### [Exercise details]
Word for word, restate the lines from the one holding "The table is in very good vintage" through the last line of the material below, and leave every picture out.

### [Stored data]

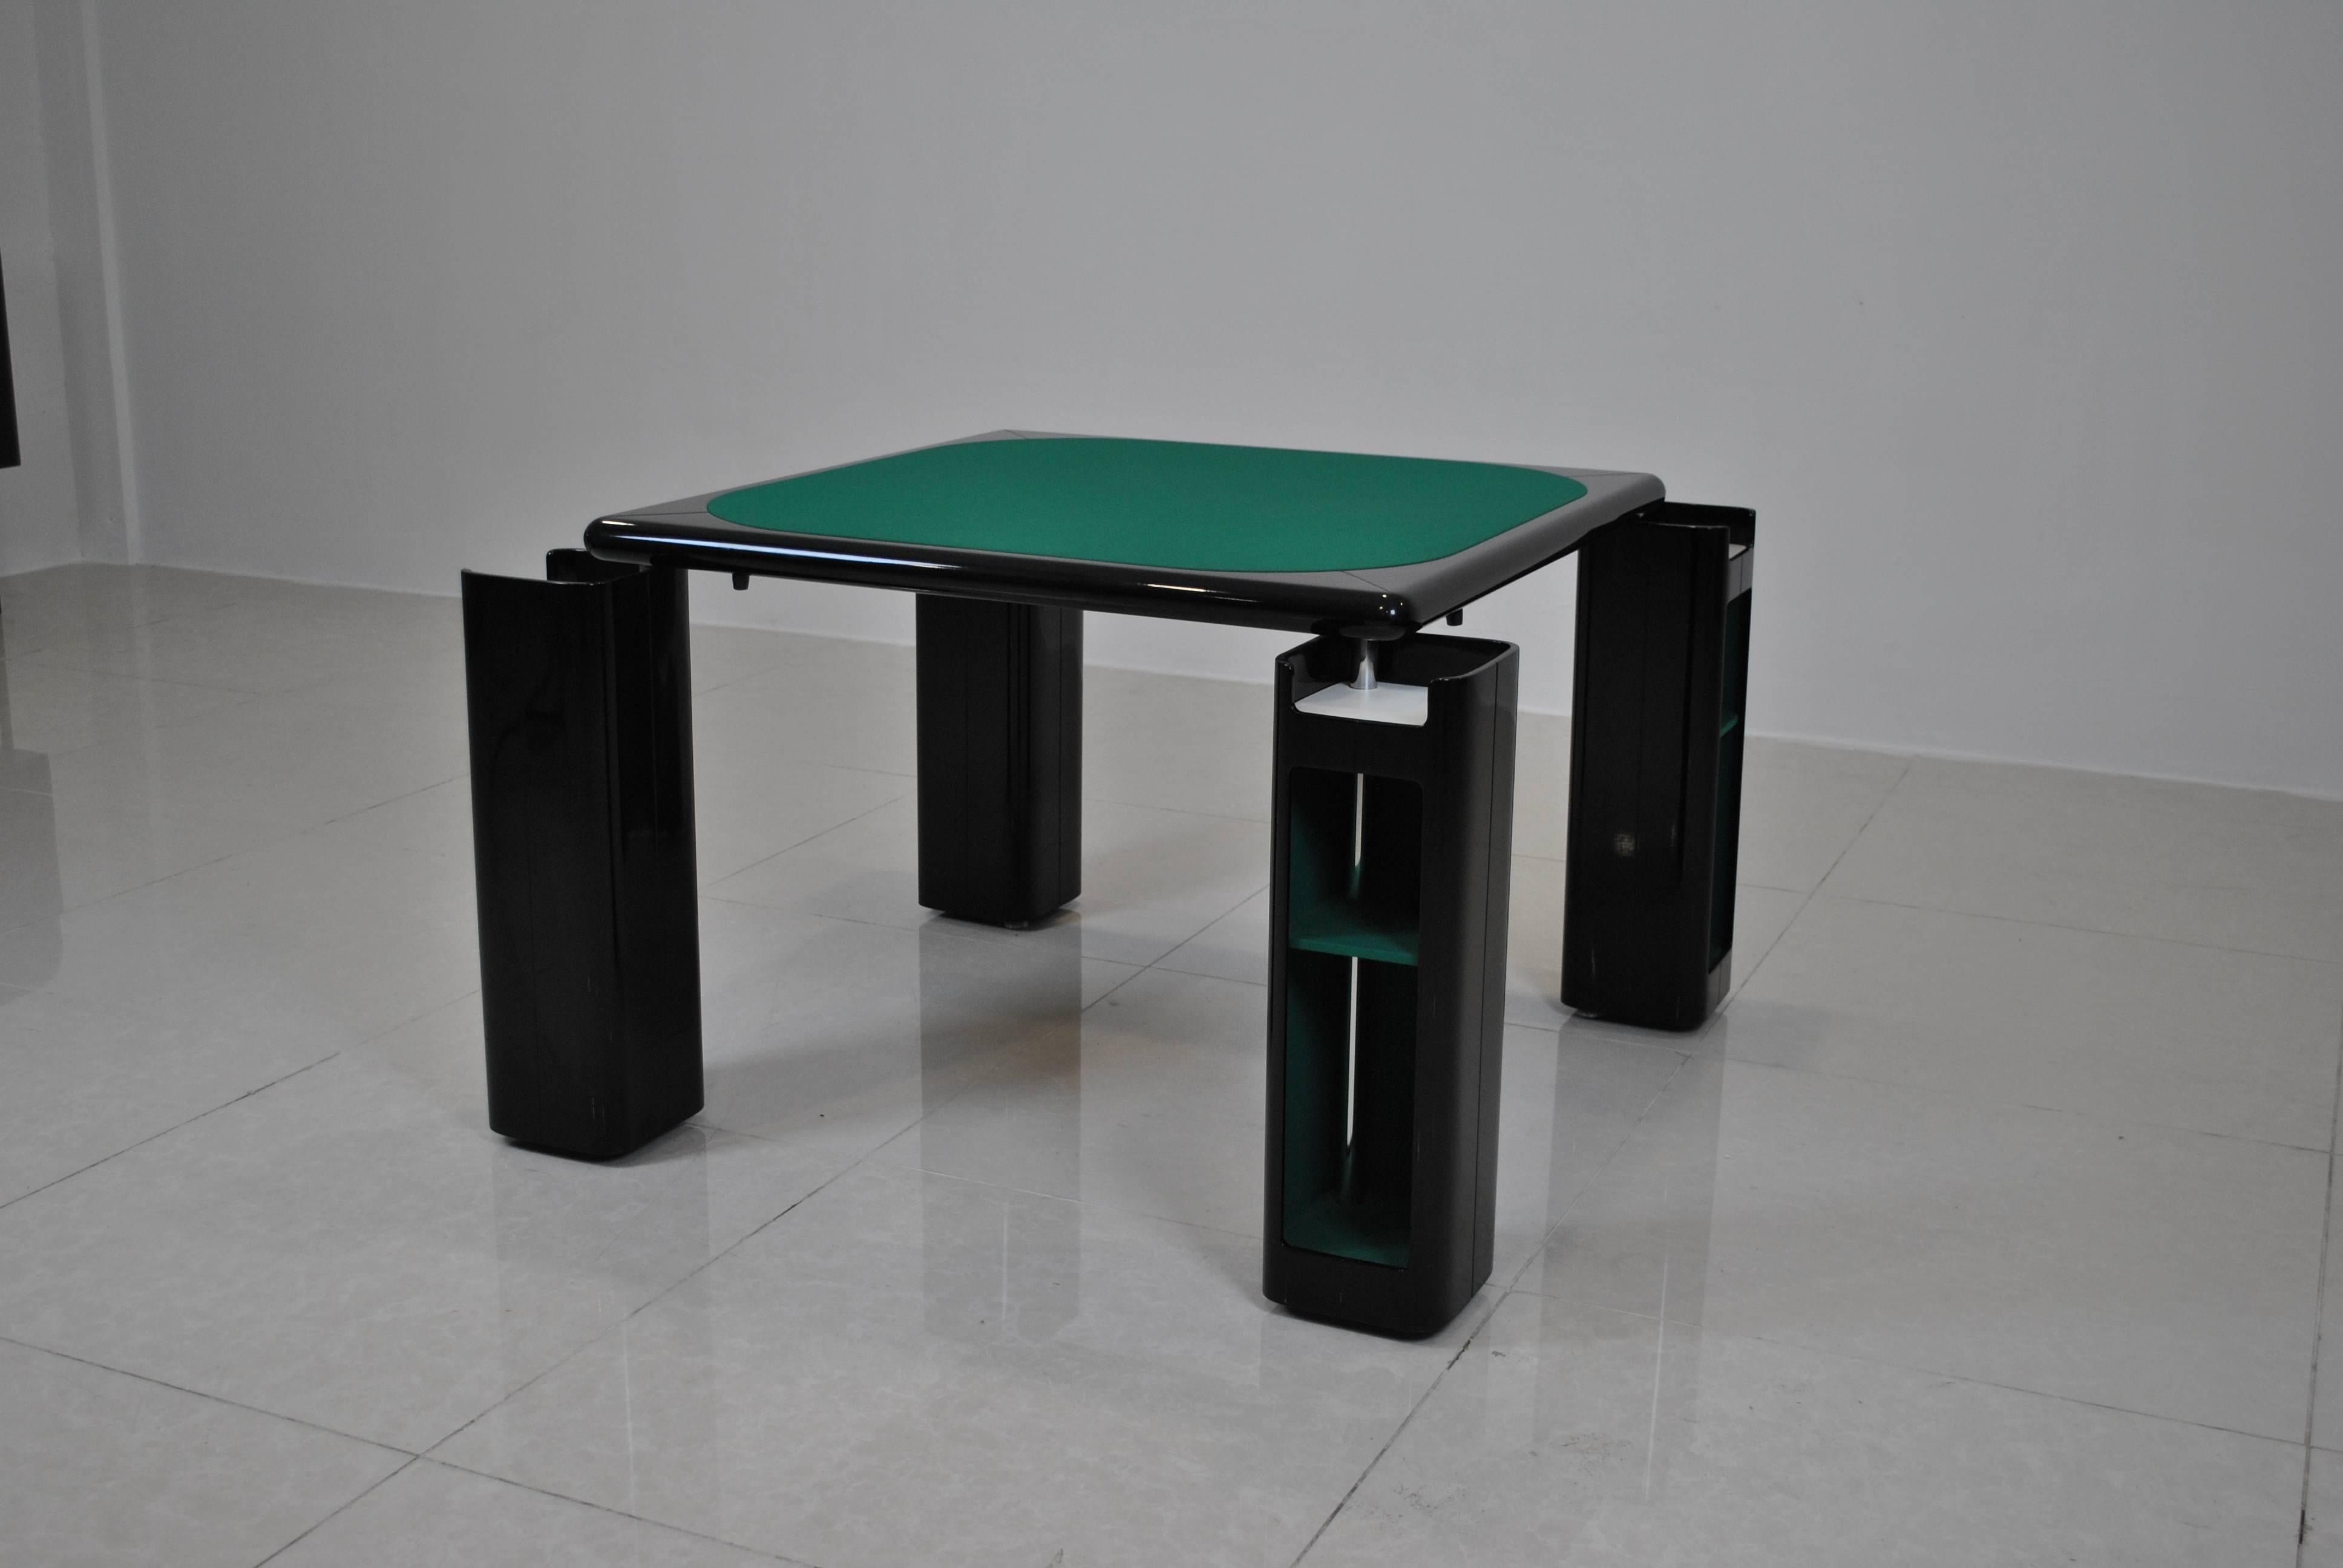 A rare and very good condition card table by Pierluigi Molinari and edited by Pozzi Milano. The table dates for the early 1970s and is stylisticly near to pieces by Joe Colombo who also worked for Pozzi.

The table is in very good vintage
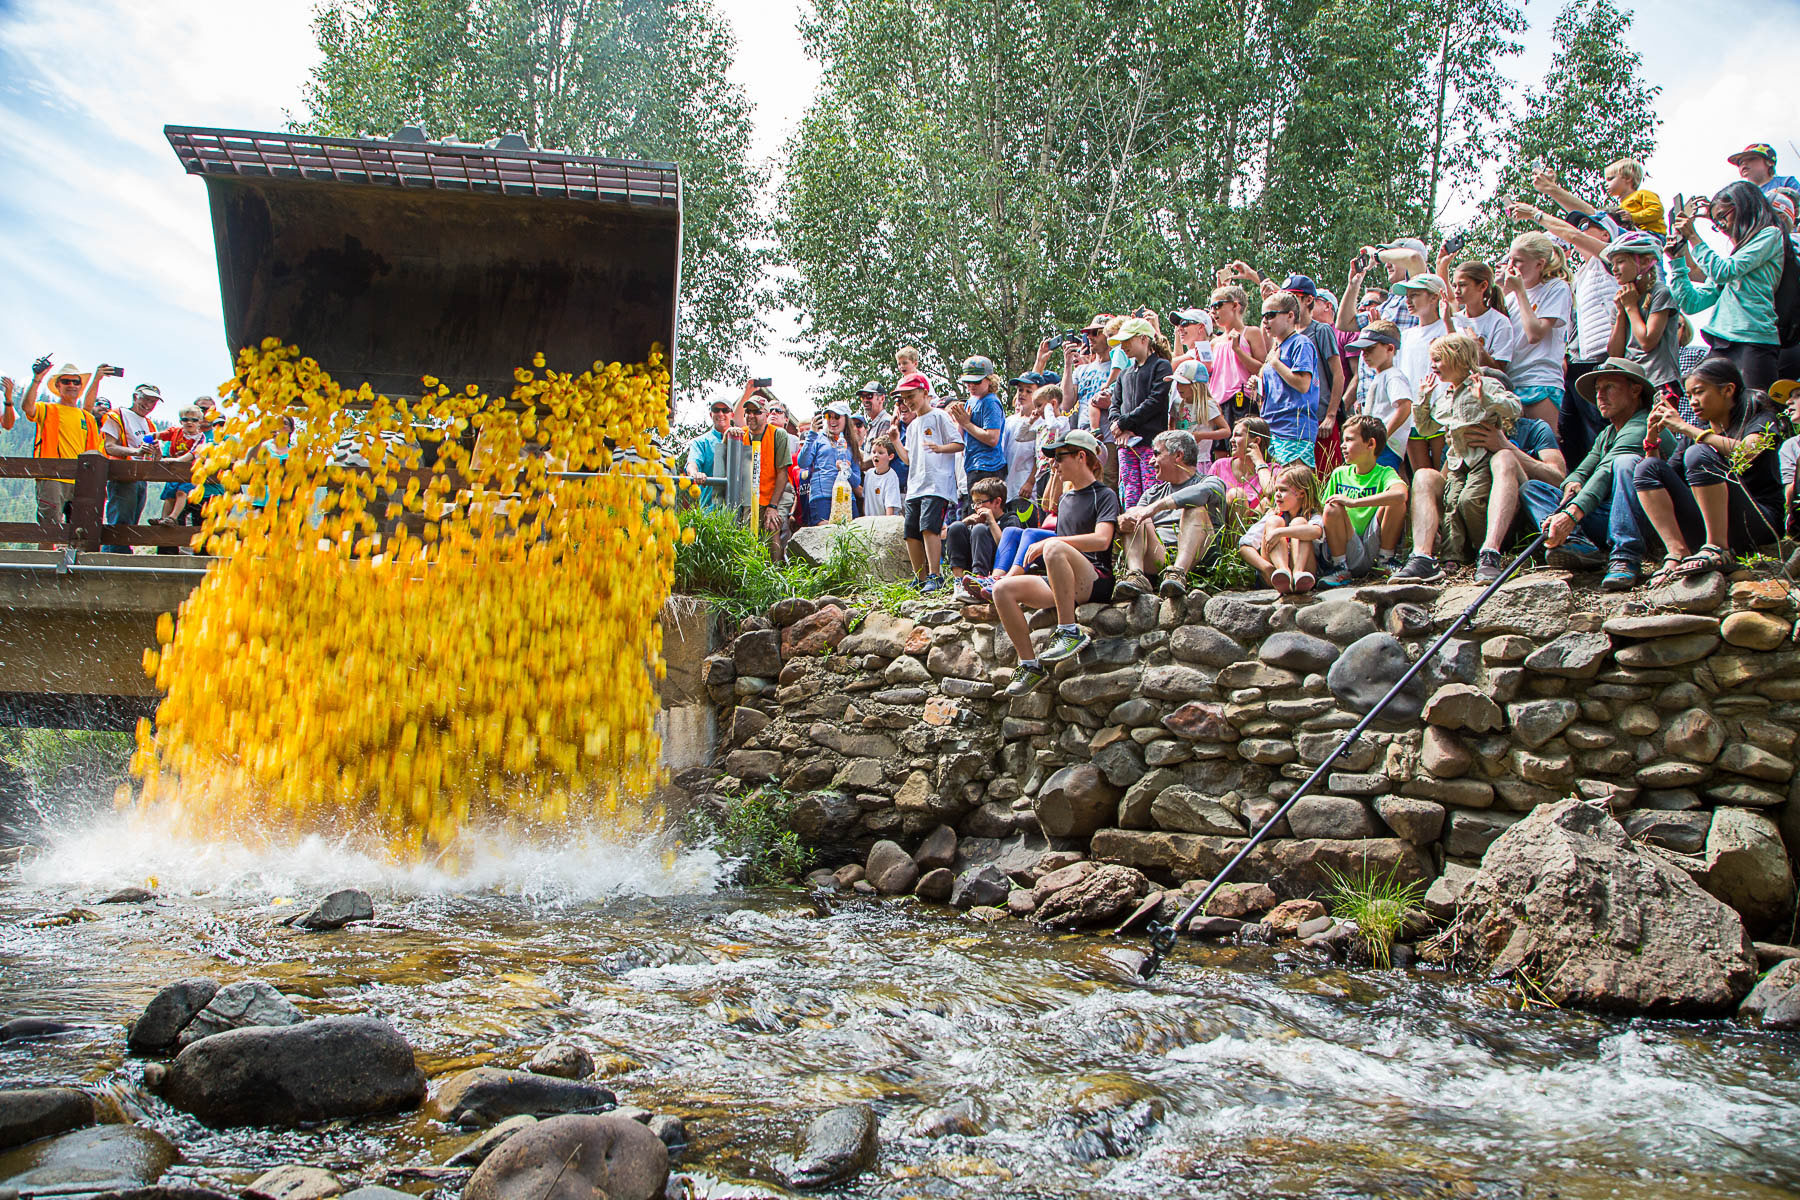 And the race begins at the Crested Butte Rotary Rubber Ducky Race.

### [Output for this exercise]
The table is in very good vintage
 And the race begins at the Crested Butte Rotary Rubber Ducky Race.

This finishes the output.